– Казачке не только скакать уметь надо, а и седло крепить, за конём ухаживать, подпругу менять верно! Вот этим, Варвара Николаевна, мы и займёмся с вами сейчас!
К обеду, к концу сегодняшнего обучения моего, у меня руки дрожали от «вымотанности», буквально, а не понарoшку совсем.
– Всё, не желаю больше казачкой быть! – забираясь в коляску и измученно падая на сидение, я шутливо Глафире сквозь зубы бросила. – Совсем сил моих не осталося! Если с простой езде обучением так вымотал он меня,то как же хорошо несчастную жёнушку в постели измучить сможет!

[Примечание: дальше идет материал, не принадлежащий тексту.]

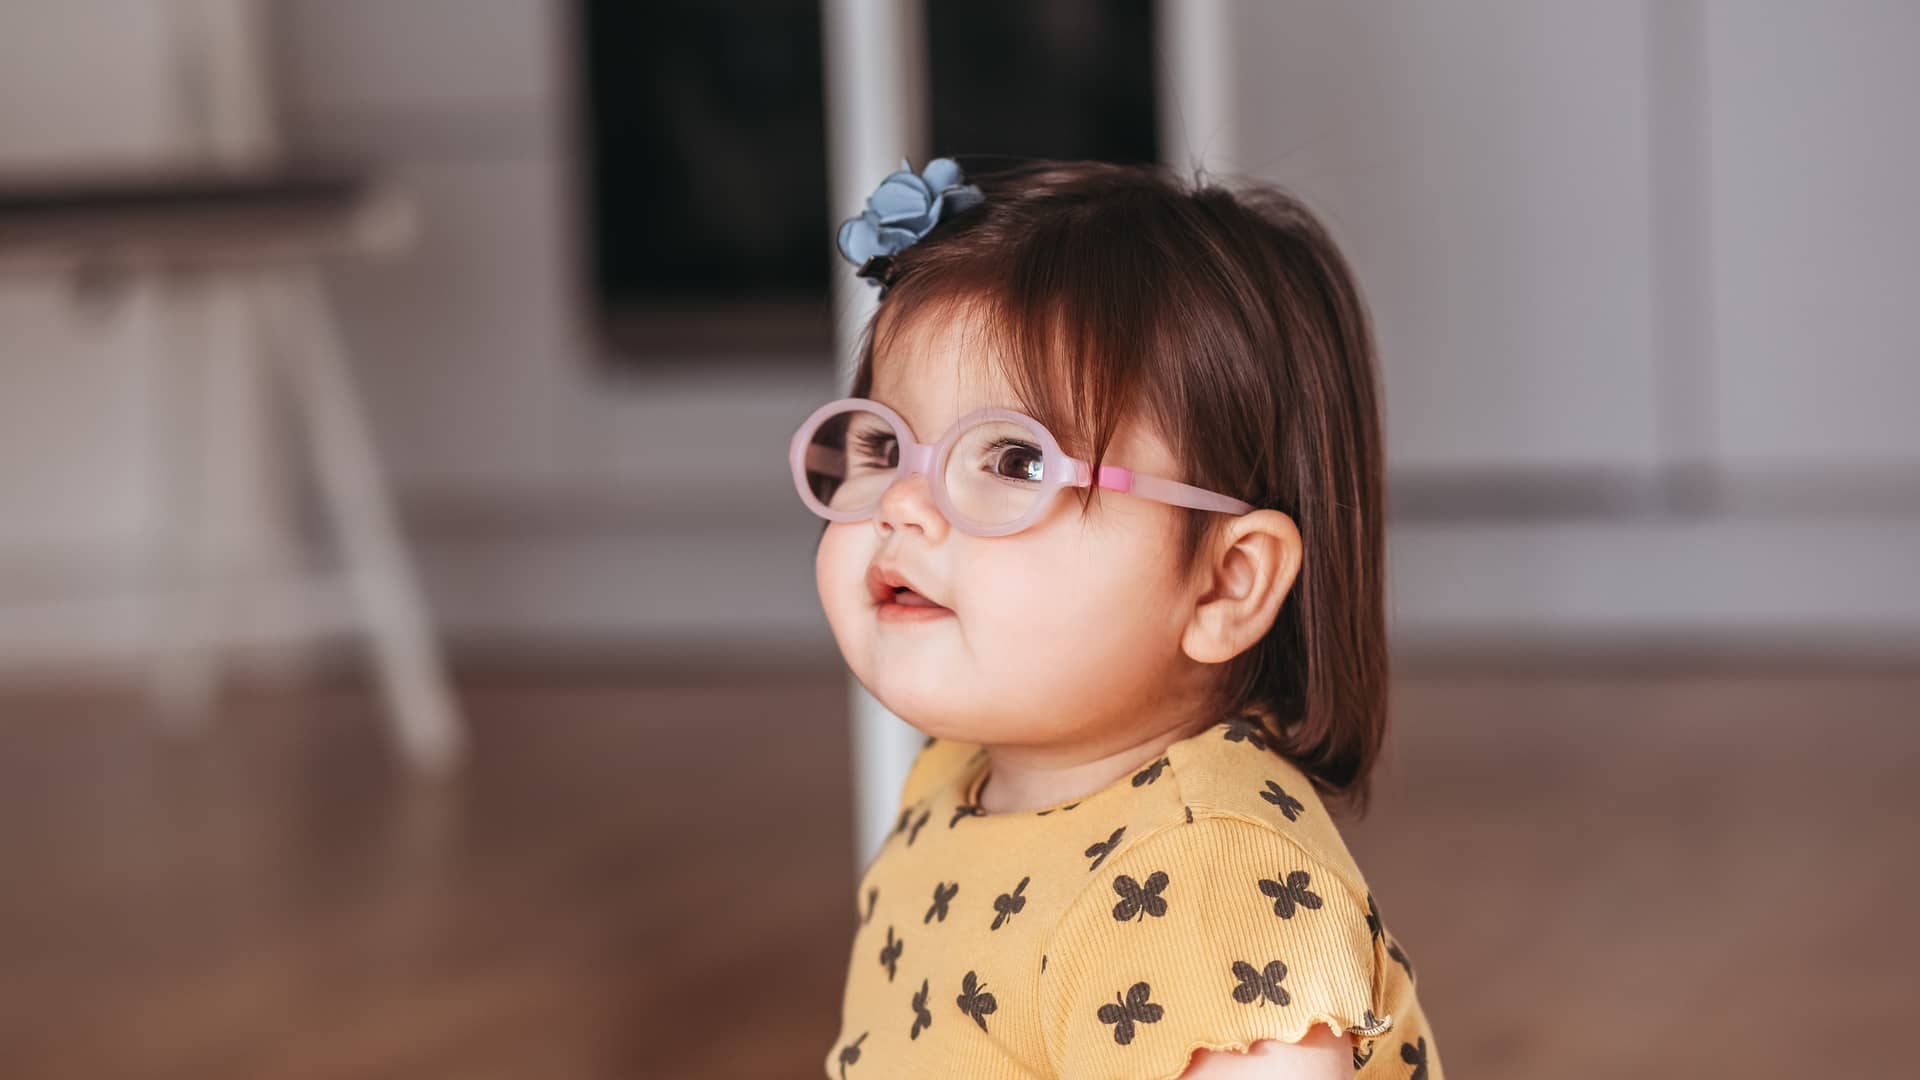 niña pequeña con gafas mirando hacia arriba porque tiene astigmatismo infantil por la curvatura de sus ojos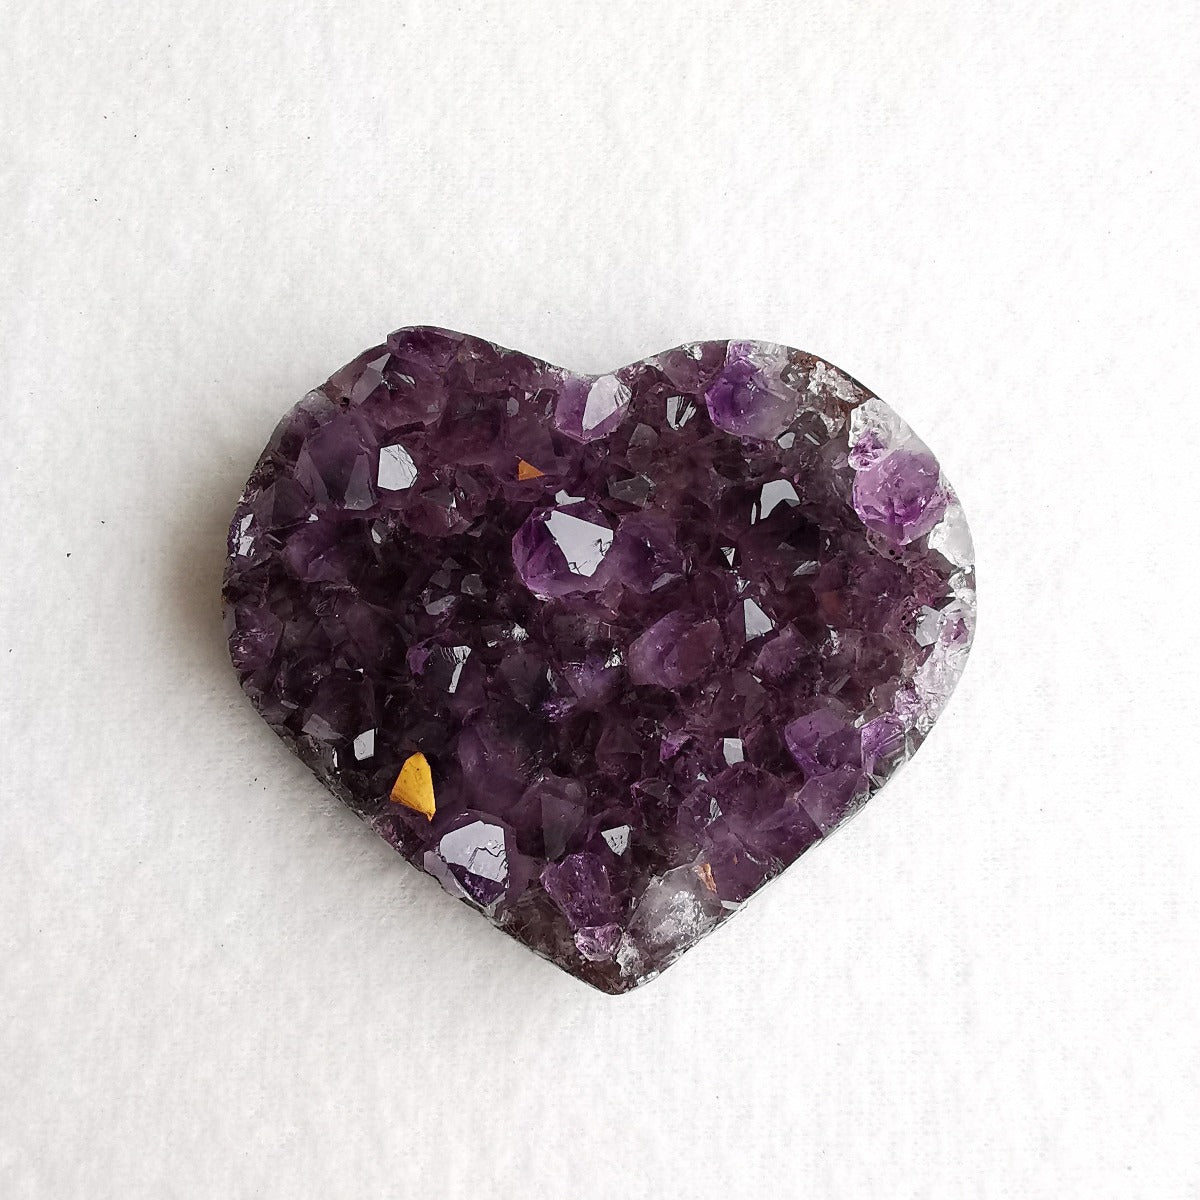 Amethyst krystallhjerte nr. 6 - Amethyst Crystal Heart

От моих слов она стыдливо зарделась даже. Я оглянулась и за собой Степана увидела. Теперь уже самой краснеть пришлось.
– А язвительная вы, оказывается, – беззлобно рассмеялся он.
Возвращаться мы другой дорогой стали. По станице он нас прокатить решил. Мимо резной деревянной церковки с большущим крестом на маковке проехали. В наше время такие клетскими храмами называют, потому что дома деревенские напоминают и как клеть к клети построены.
– Красивая церкoвь, – я вслух констатировала. - А службы в ней проводятся? - внимание Степана привлекла.
– Хороший батюшка у нас, - он сказал. – И отпевает, и венчает, службы проводит все, как и завсегда задушевно поговорить с ним можно, никому не отказывает,и безродному и безбожному самому…
– Ага, – вместо меня Глафира отозвалась. - Схoдить бы туда мне надобно…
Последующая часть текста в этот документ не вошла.